BRASÍLIA - O ministro da Secretaria de Relações Institucionais, José Múcio Monteiro, reafirmou hoje que o governo não irá participar da criação de um imposto para substituir a Contribuição Provisória sobre Movimentação Financeira (CPMF).

O governo não vai participar, afirmou Múcio, ao dizer que foi pedagógico o episódio de dezembro, quando o governo não conseguiu o apoio necessário para prorrogar o tributo. Não vamos mais entrar nessa queda de braço, completou.

A recriação da CPMF viria para suprir a necessidade de recursos para a saúde decorrente de uma possível regulamentação da Emenda Constitucional 29, que destina cerca de R$ 20 bilhões para a área até 2010. O projeto que regulamenta a emenda já foi aprovado no Senado e deve ser votado na Câmara no dia 28.

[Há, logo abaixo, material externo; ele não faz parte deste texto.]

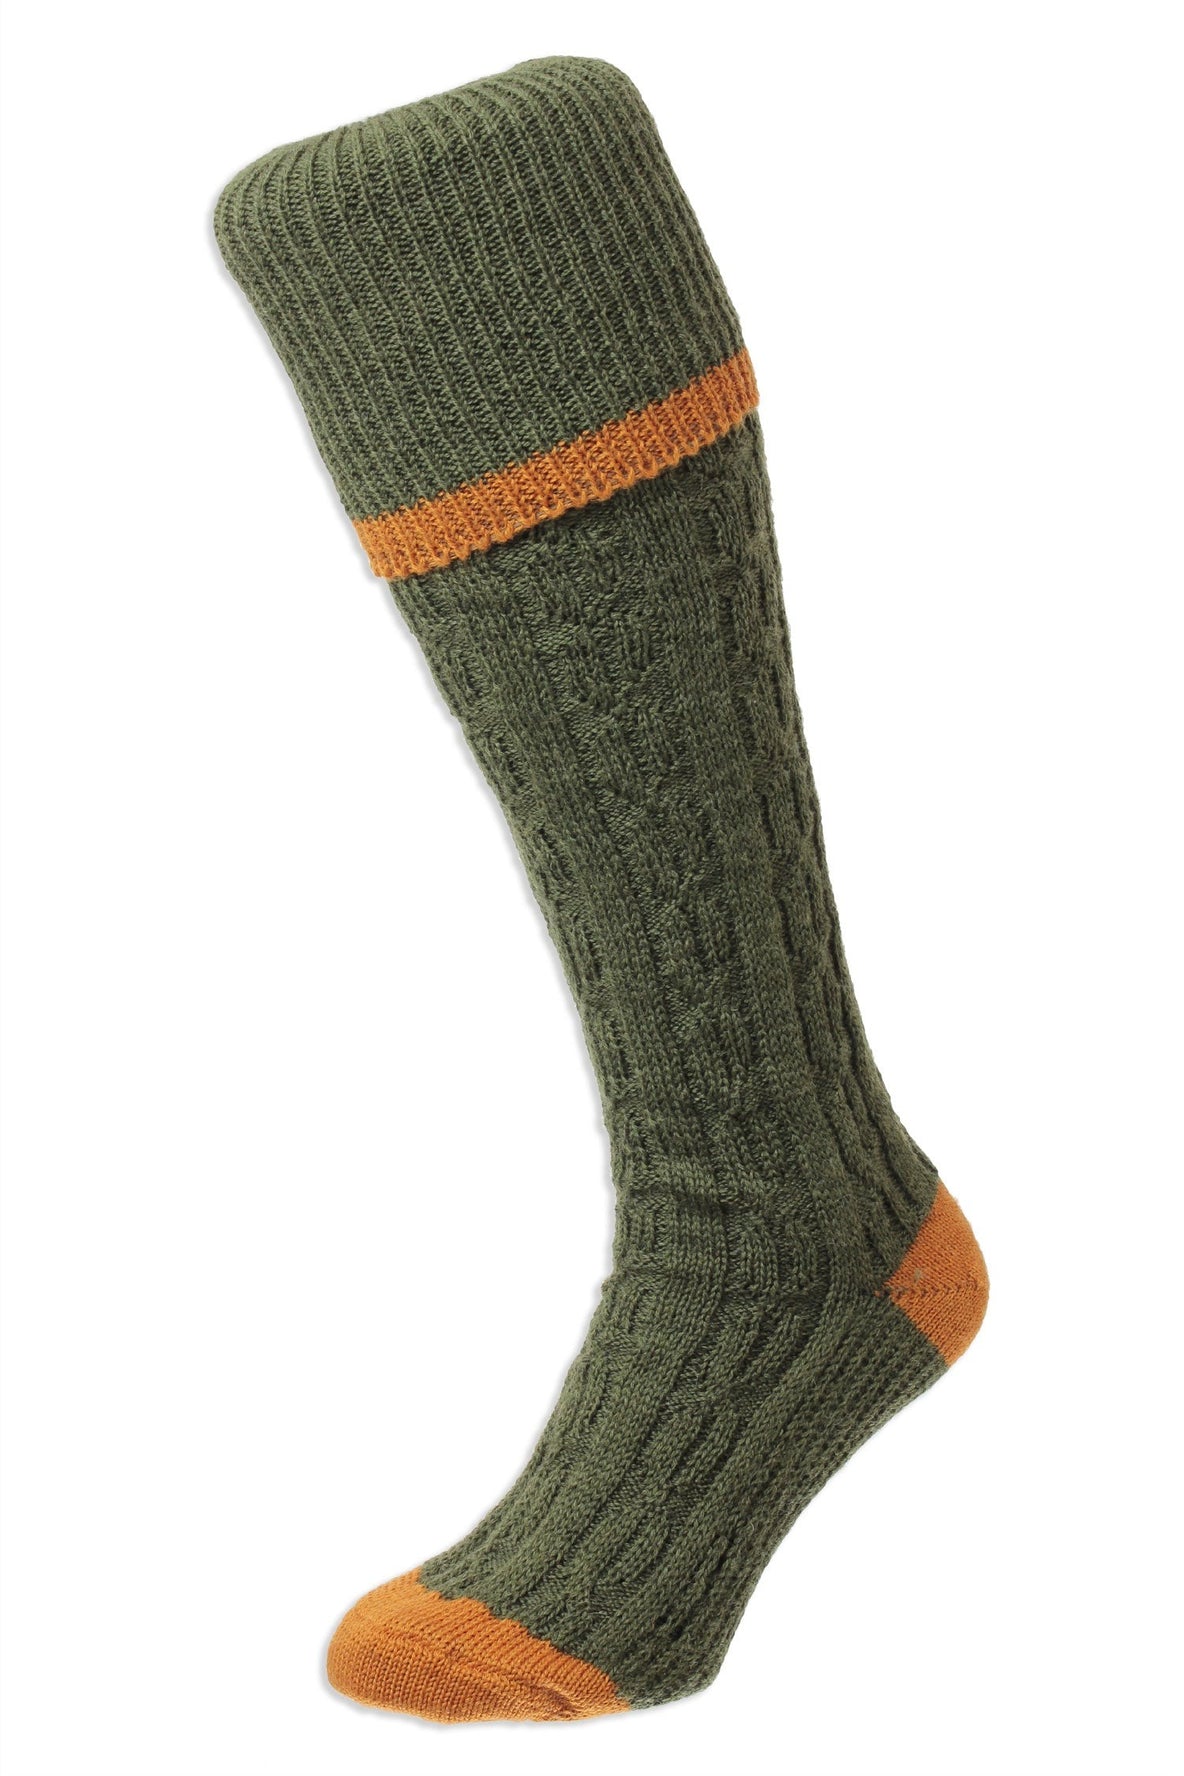 Green olive and orange Cable Stripe Long Country Sock by HJ Hall

Segundo Múcio, para que a Emenda 29 possa entrar em vigor é preciso que o Congresso aponte fontes de recursos para cobrir os gastos previstos. Evidentemente que para que ela entre em vigor e tenha efeito prático precisa que tenha uma fonte. Não tem de onde tirar esse dinheiro.

Múcio fez as declarações durante intervalo da reunião do Conselho de Desenvolvimento Econômico e Social (CDES). O presidente Luiz Inácio Lula da Silva abriu a reunião e falou sobre temas como a necessidade de se criar mecanismos de estímulo à produção de alimentos e o fortalecimento das ações do conselho.